Сделай Сам Свою Работу на 5

В.В. Воровский Леонид Андреев





Если вы попросите современного интеллигентного русского читателя назвать наиболее талантливых авторов наших дней, он, наверное, на одно из первых мест -- если не на первое -- поставит Леонида Андреева. И тем не менее этот самый читатель прочитывает каждую новую вещь Андреева с неудовлетворенным чувством: "Нет, это не то; эта вещь автору не удалась". И почти все, что дал литературе Л. Андреев, сводится в конце концов к длинному ряду таких неудавшихся произведений.

Итак, с одной стороны -- общепризнанный крупный талант, с другой -- вечно не удающиеся произведения. И этот суд "толпы" в общих чертах совпадает с судом критики. Очевидно, в самой основе творчества Л. Андреева заложено какое-то противоречие, и это противоречие мешает автору успешно осуществлять задуманные им планы, воплощать в художественные произведения преследующие его идеи и образы; это противоречие нарушает цельность, а с нею и силу его произведений, оставляя их какими-то недоделанными.

В чем же заключается указанное противоречие? Быть может, разобравшись в нем, поняв его, мы сможем понять и особенности таланта, и причины неудачливости Л. Андреева.



Если вы просмотрите все произведения Л. Андреева за минувшие одиннадцать лет, вы увидите, что -- за небольшими исключениями -- он затрагивает по преимуществу социальные темы.

Леонид Андреев именно противопоставляет всем многообразным вопросам жизни общества и личности лишь неизменные: смерть, безумие и тьму, то есть физическую, интеллектуальную и нравственную смерть. Это его ответ на все наши запросы. Словно перед пытливой душой автора поставили черное стекло, поглотившее все яркие, жизнерадостные, красочные лучи, и грустный флер закрывает от него весь многоцветный мир.

Л. Андреев унаследовал от предшествовавших поколений русских художников-интеллигентов две противоречивых наклонности: болезненное тяготение к вопросам общественности и безнадежный пессимизм в оценке их. Это все то же основное противоречие андреевского творчества.

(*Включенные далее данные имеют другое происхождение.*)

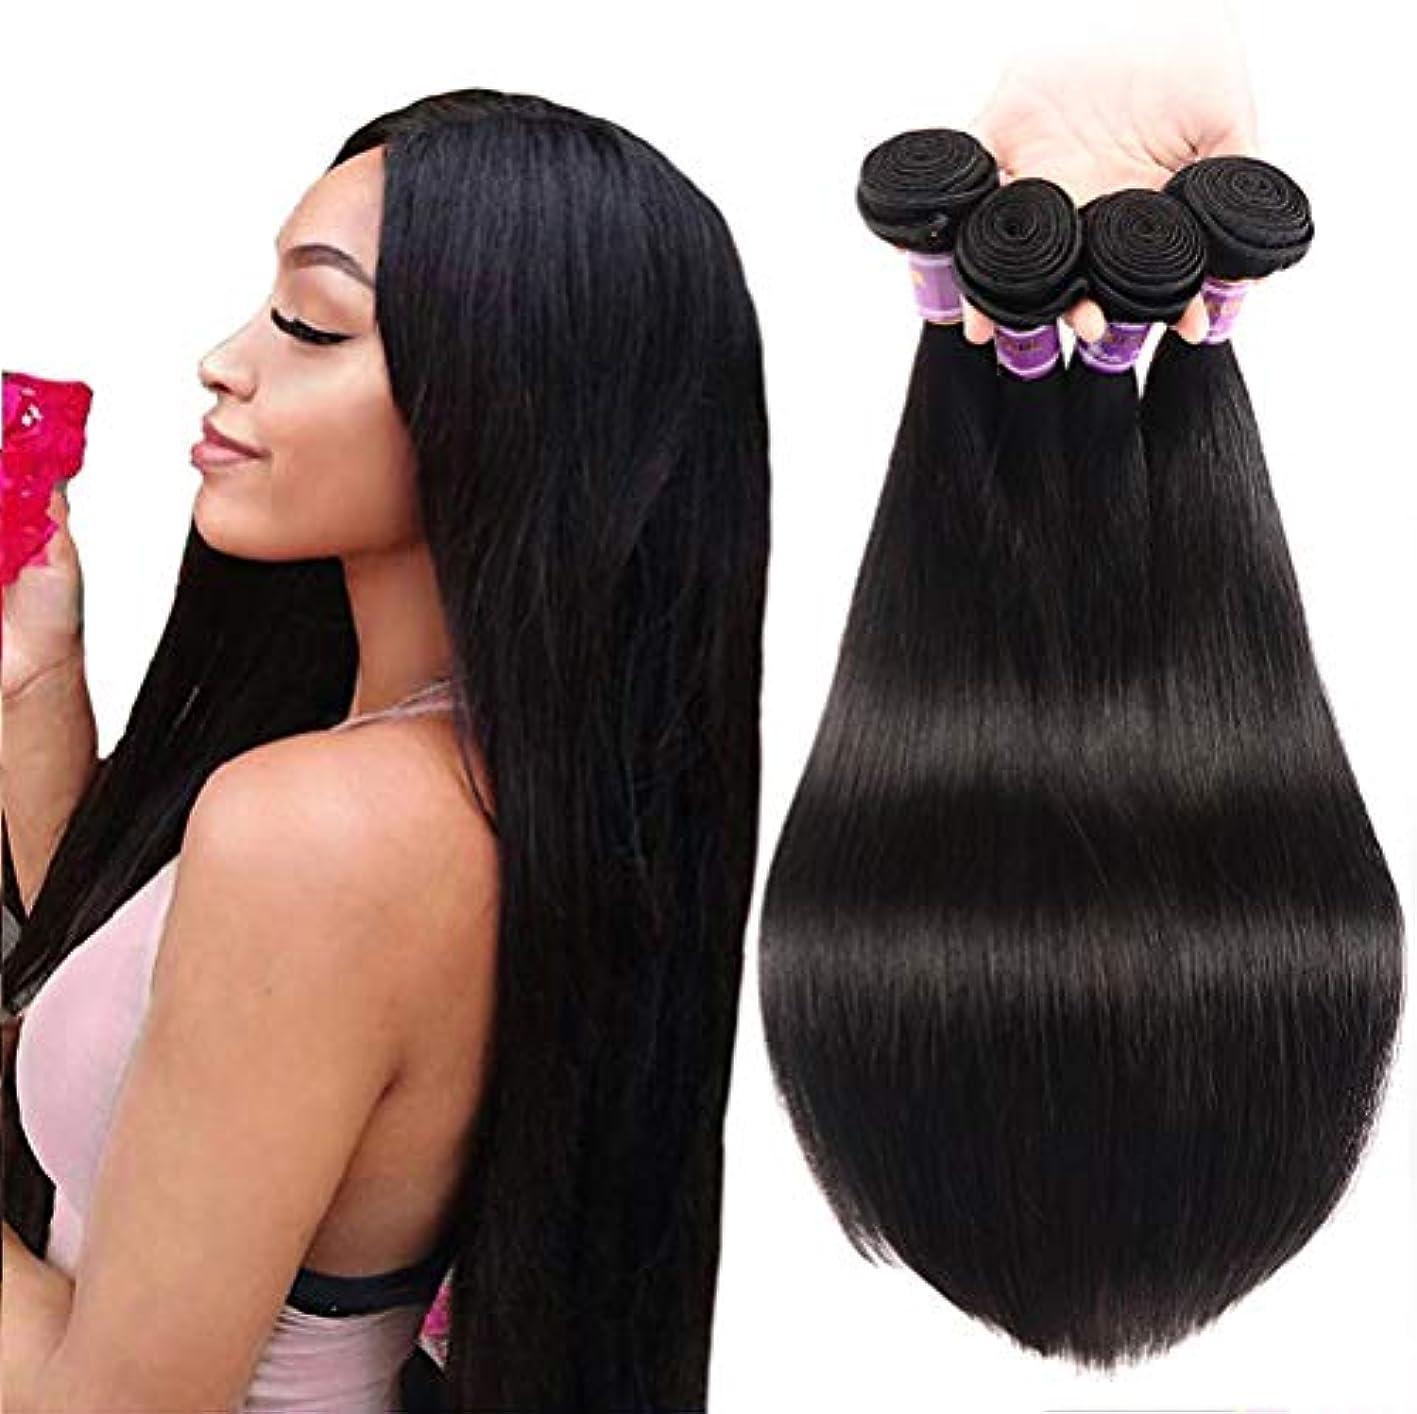 懐疑的特徴づけるビジネス150%密度8aブラジルバージン人間の髪の毛1バンドルストレートウェーブ横糸100%本物の人間の髪の毛を編む女性の髪

Грандиозные мировые и общественные вопросы не под силу односторонней, узкой мысли Л. Андреева. Он захотел поднять большую тяжесть и надорвался. И эта надорванность, этот противоречивый разлом красной нитью проходят через всю его деятельность. Душу большого художника тянет к вопросам огромной важности, но публицистическая мысль его, стесненная ограниченными формулами, подсказанными узким взглядом на жизнь, бессильна перед величием этих вопросов.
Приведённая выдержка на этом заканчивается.